## Supplied data
- - - - -

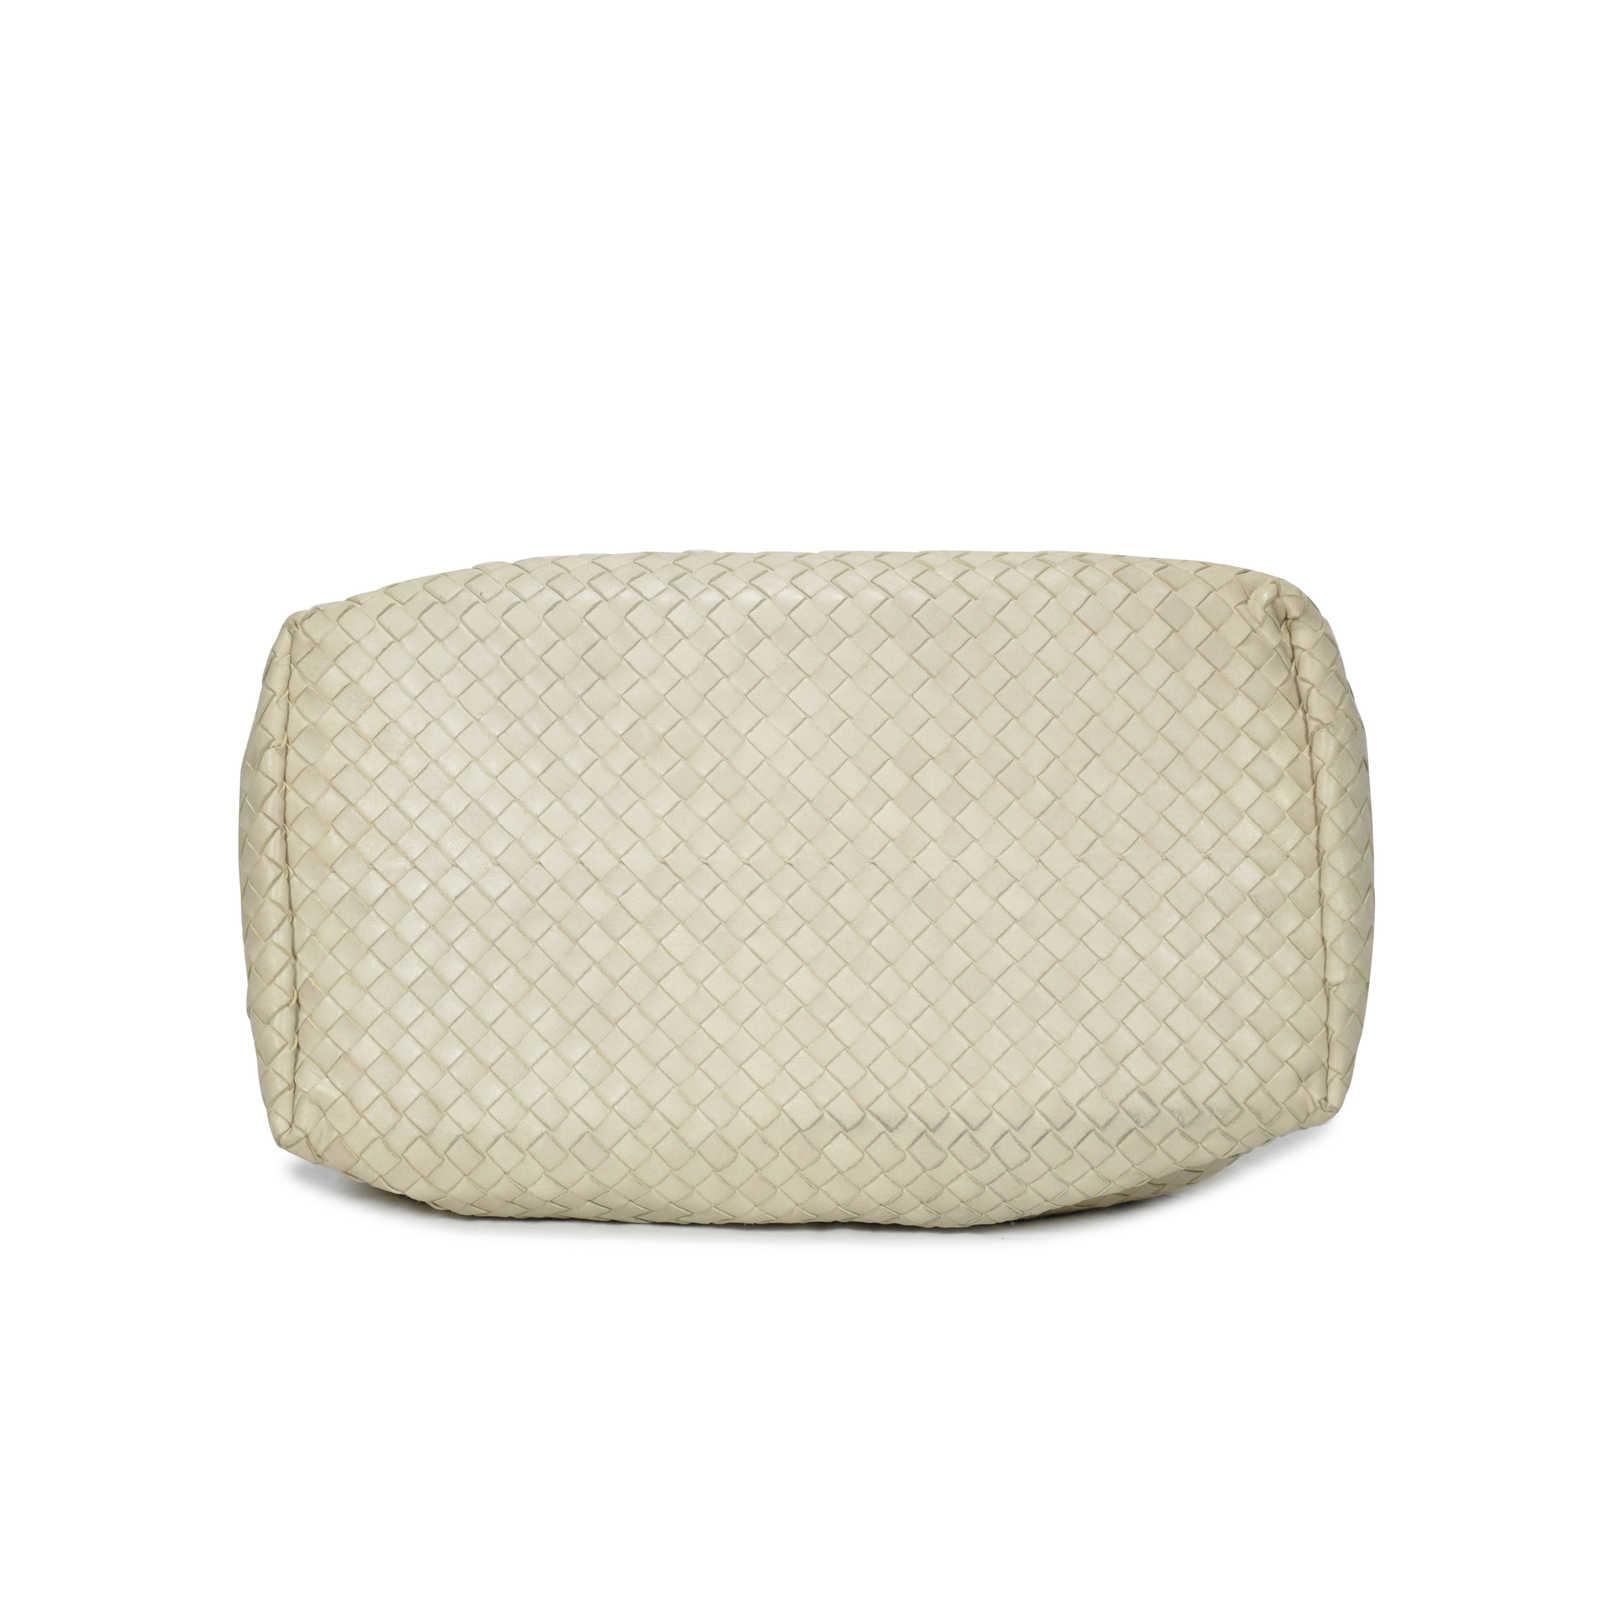 80f6933fd5 ... Authentic Second Hand Bottega Veneta Medium Roma Bag (PSS-249-00002) ...
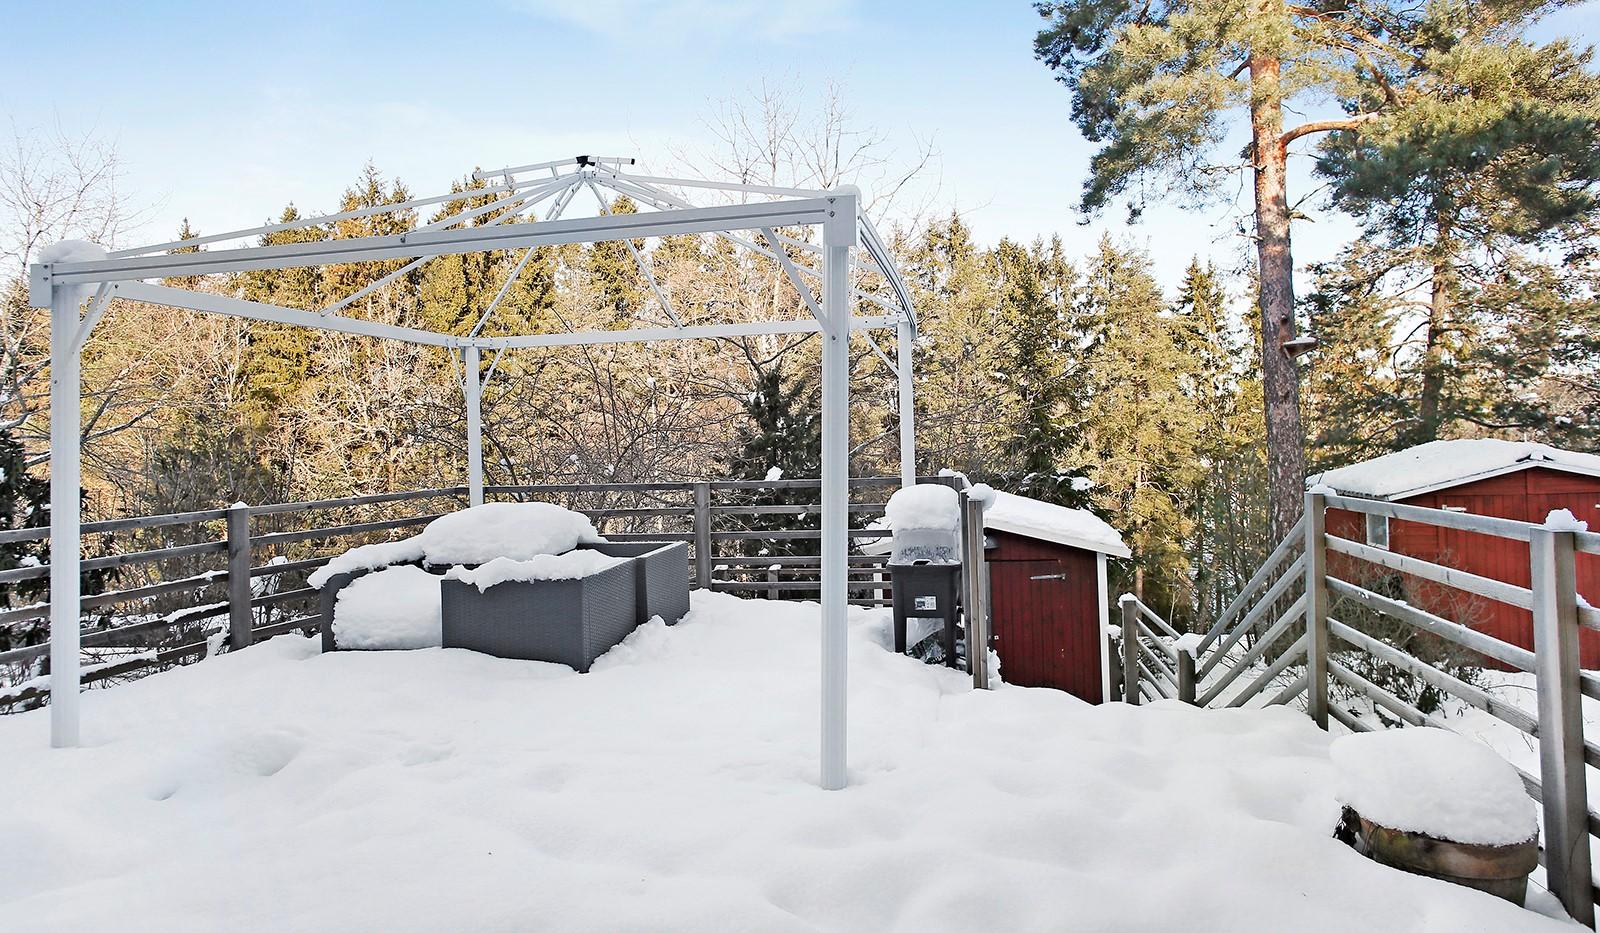 Hallundavägen 83 - 2st altaner med grillmöjligheter
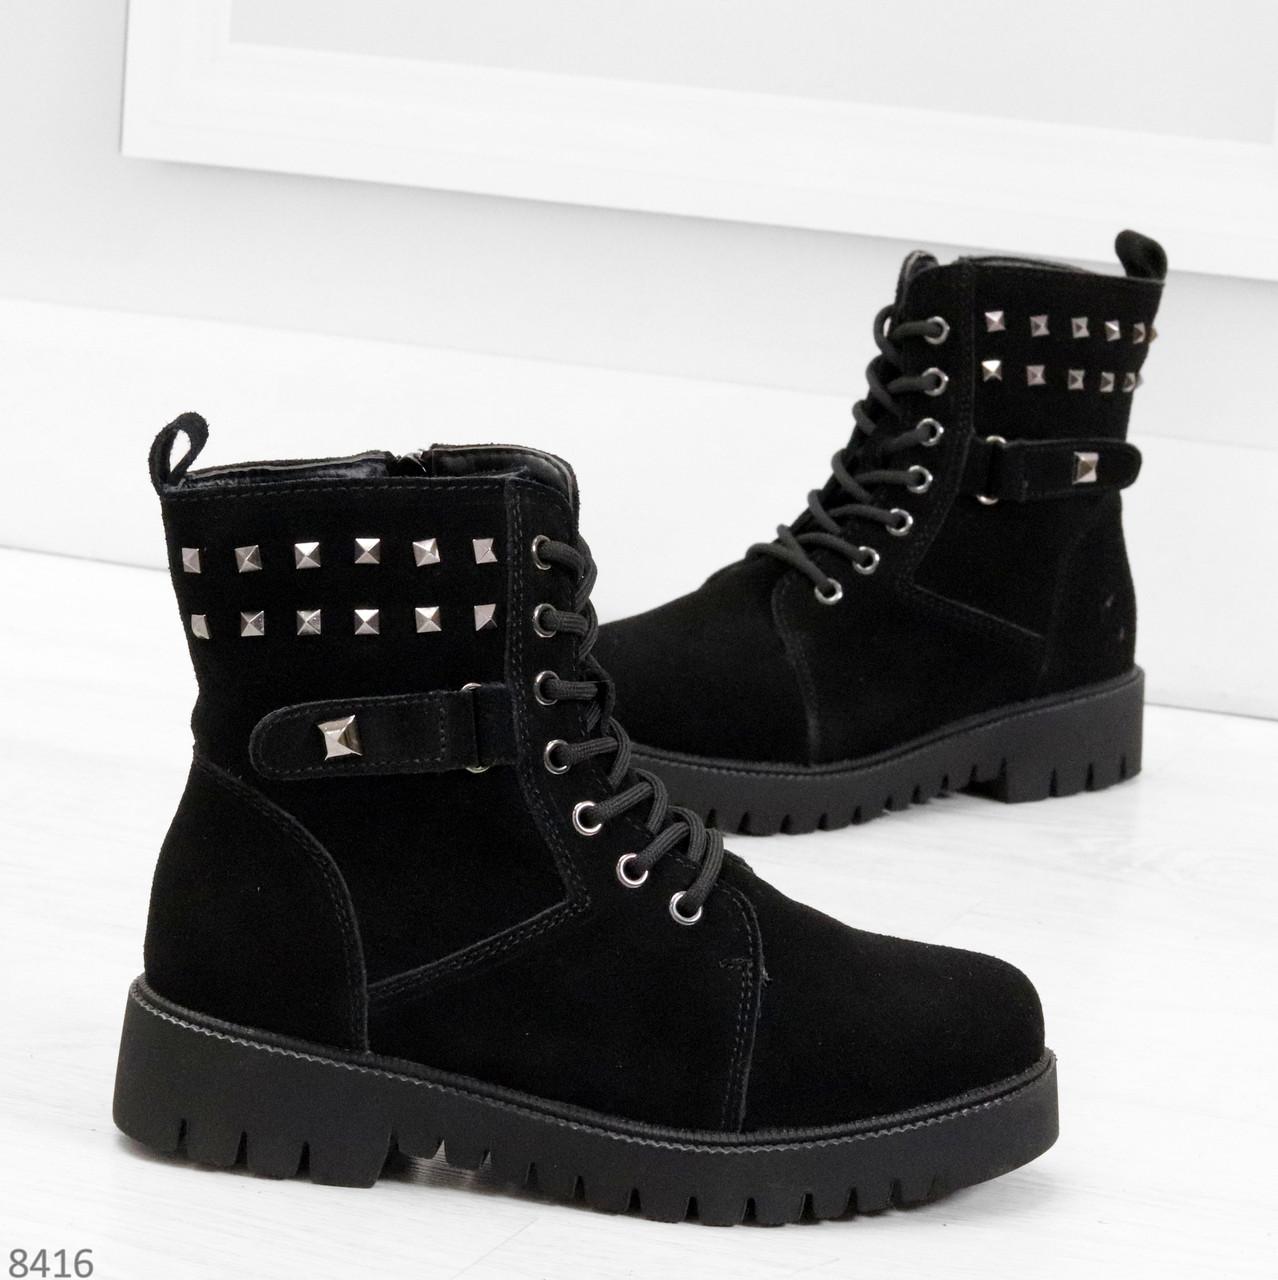 Черные замшевые практичные женские зимние ботинки замша низкий ход 41-26,5см
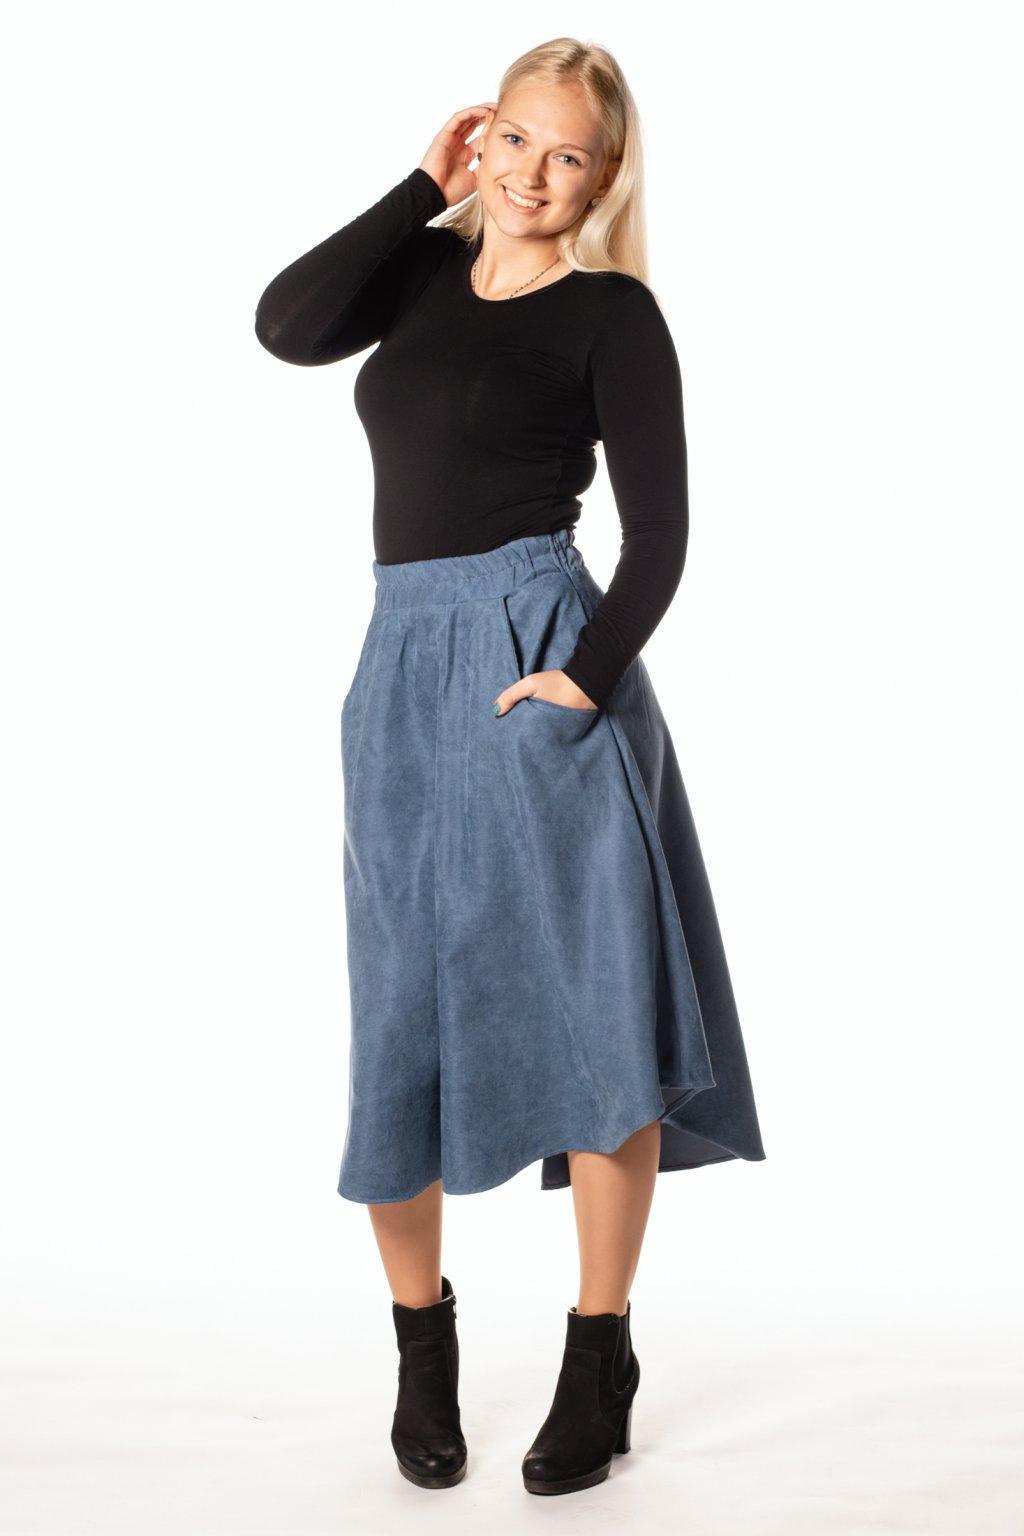 MODRÁ asymetrická sukně (manšestr jemný)

- - - - -

## Exercise
Render the data above verbatim and without pictures.

## Written solution
 80f6933fd5 ... Authentic Second Hand Bottega Veneta Medium Roma Bag (PSS-249-00002) ...
 Hallundavägen 83 - 2st altaner med grillmöjligheter
 Черные замшевые практичные женские зимние ботинки замша низкий ход 41-26,5см
 MODRÁ asymetrická sukně (manšestr jemný)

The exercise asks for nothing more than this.